--- Dataset extract Enclosed Below ---
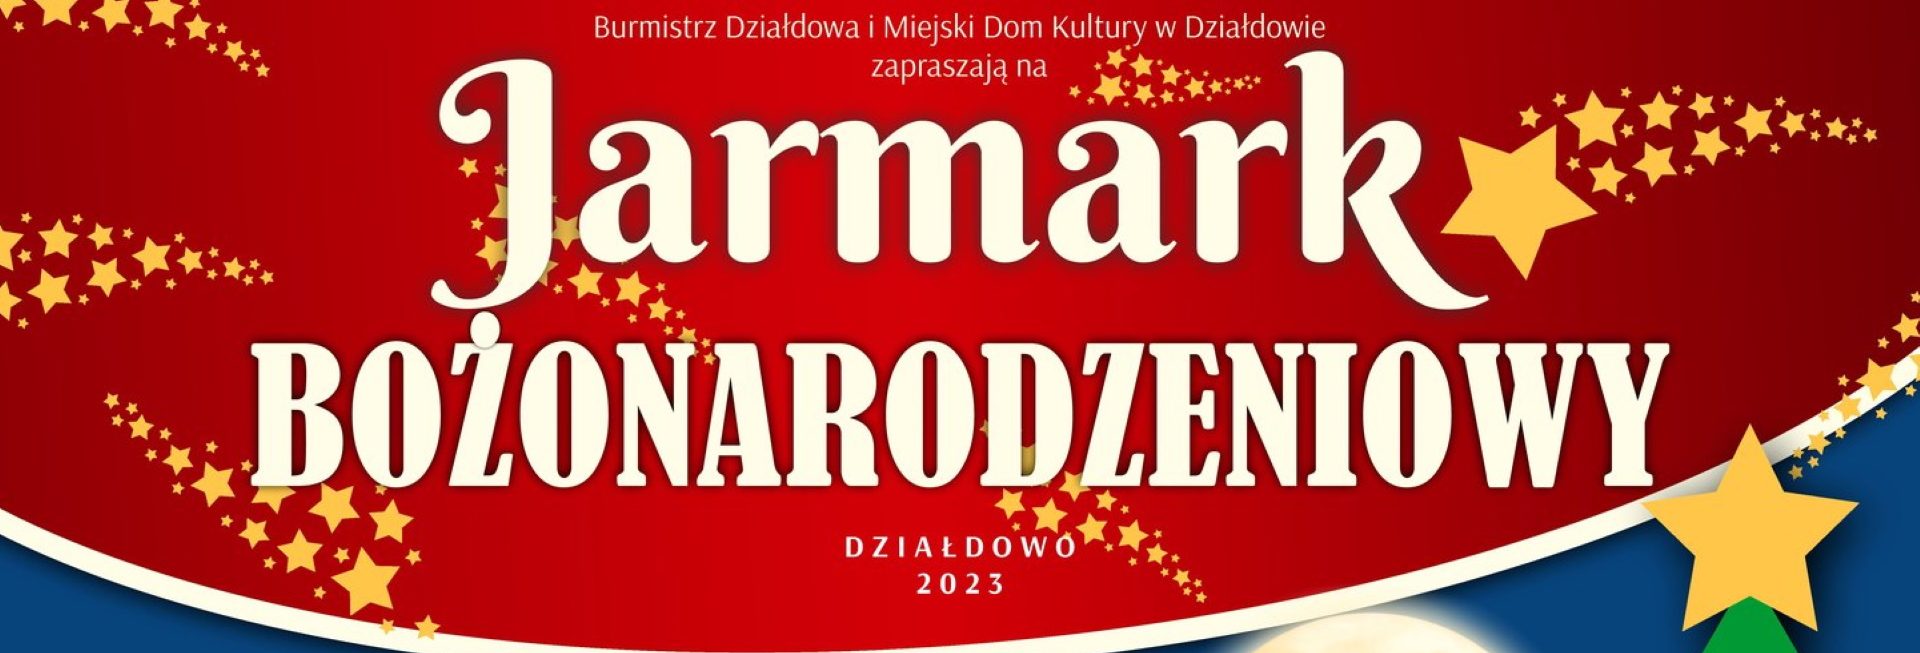 Plakat zapraszający do Działdowa na Jarmark Bożenarodzeniowy i “Odpalenie choinki” Działdowo 2023.
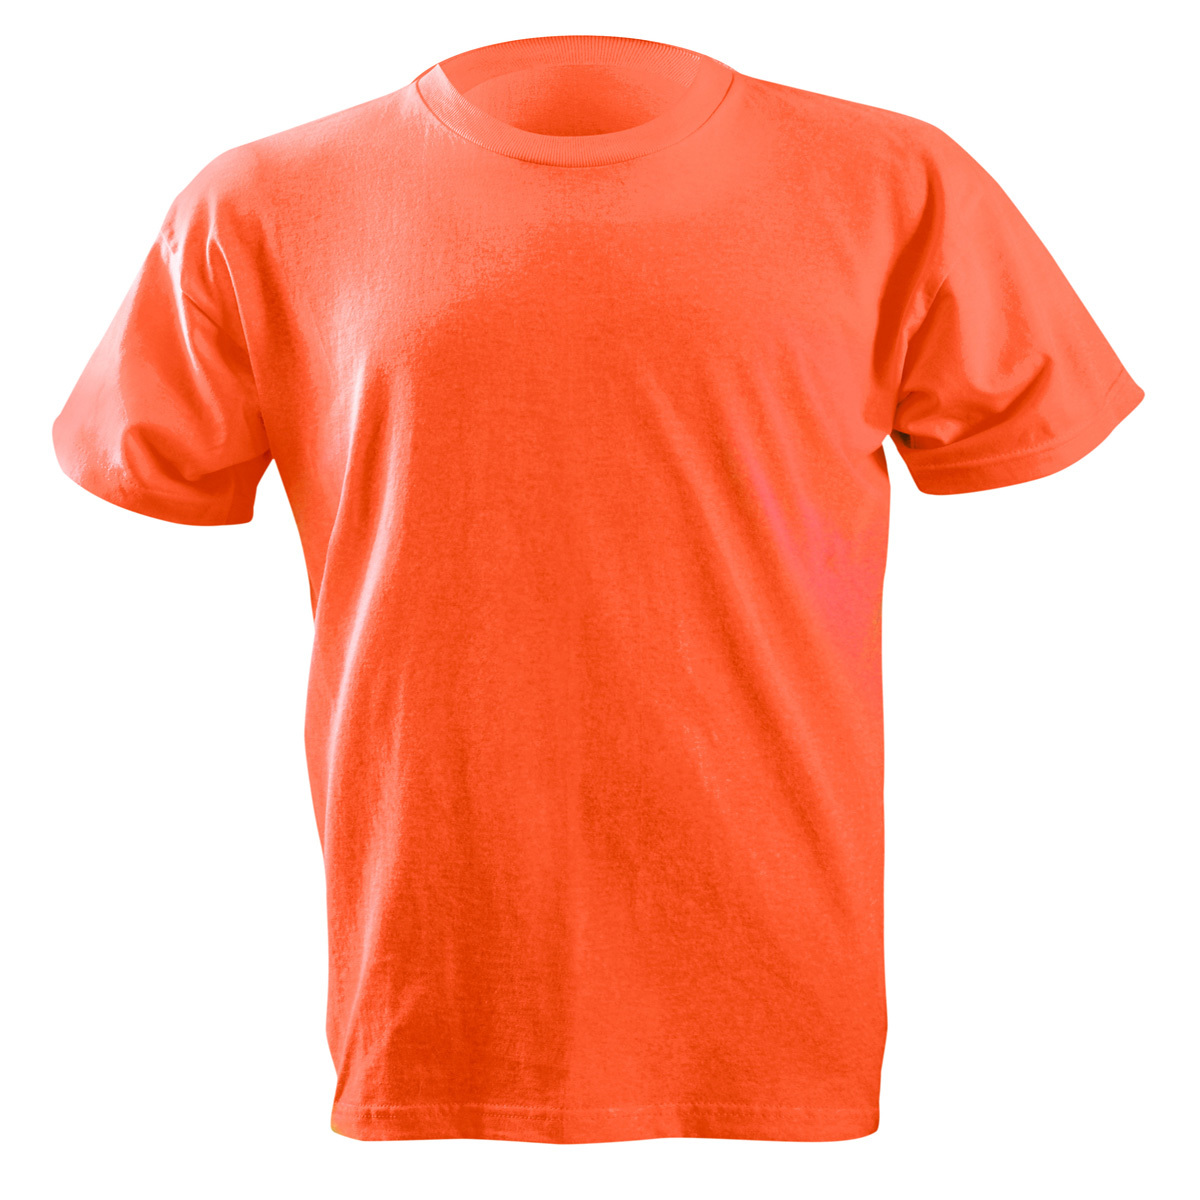 OccuNomix Large Orange 6 Ounce Cotton T-Shirt
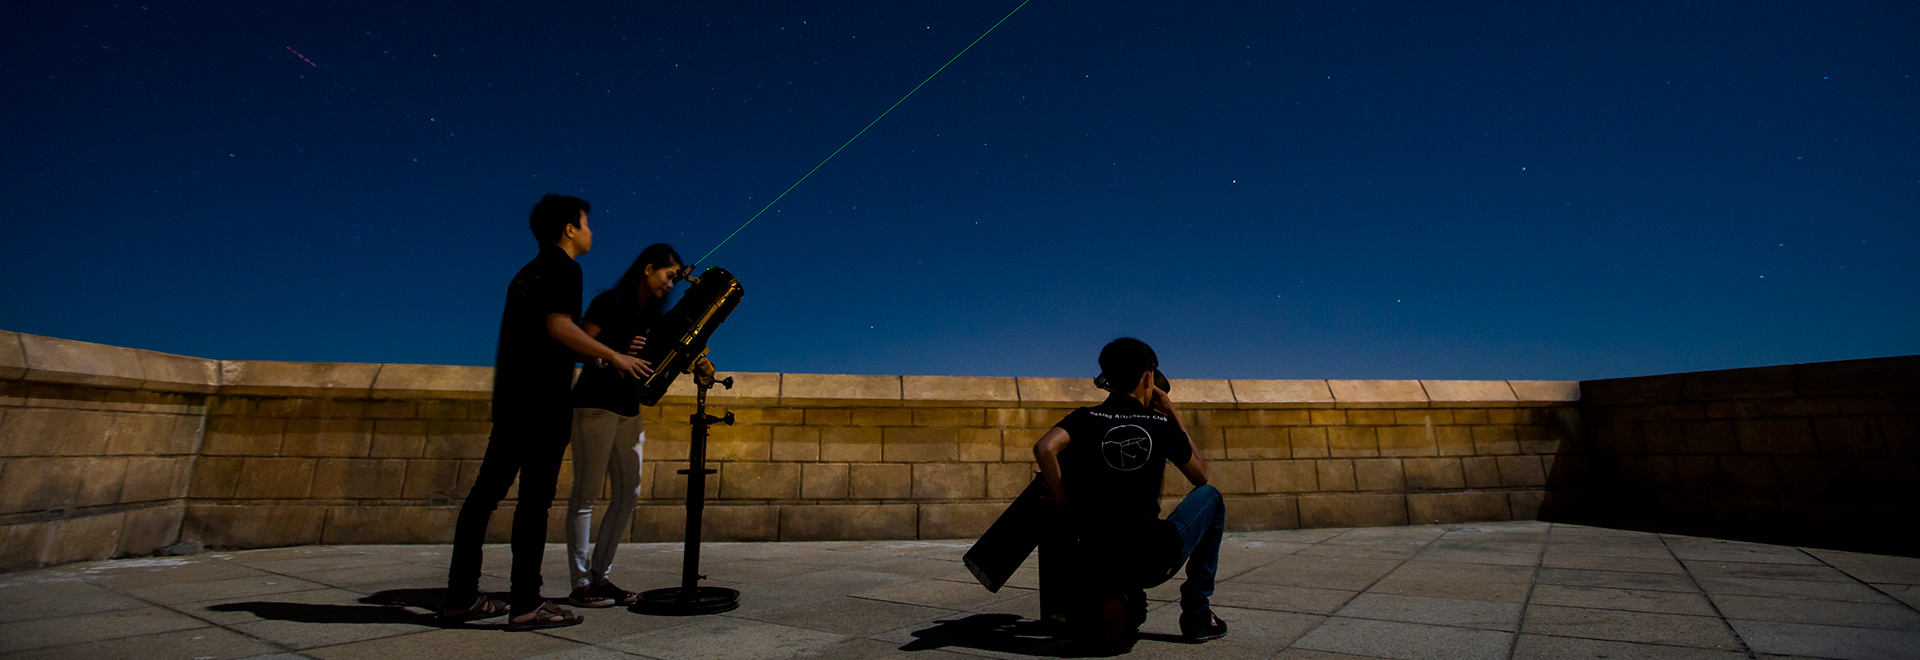 Trên đỉnh Bà Nà Hills, từ 7/6 tới đây du khách lần đầu tiên có cơ hội khám phá bầu trời đêm, thế giới các vì sao bằng kính thiên văn. Chương trình diễn ra vào các buổi tối 3,5,7, bắt đầu từ 19h30.
--- End of Enclosed Dataset extract ---
▸ Problem statement
Since the pictures are not wanted, transcribe only the rest of the material above, exactly as it stands.

▸ Worked solution
 Plakat zapraszający do Działdowa na Jarmark Bożenarodzeniowy i “Odpalenie choinki” Działdowo 2023.
 OccuNomix Large Orange 6 Ounce Cotton T-Shirt
 Trên đỉnh Bà Nà Hills, từ 7/6 tới đây du khách lần đầu tiên có cơ hội khám phá bầu trời đêm, thế giới các vì sao bằng kính thiên văn. Chương trình diễn ra vào các buổi tối 3,5,7, bắt đầu từ 19h30.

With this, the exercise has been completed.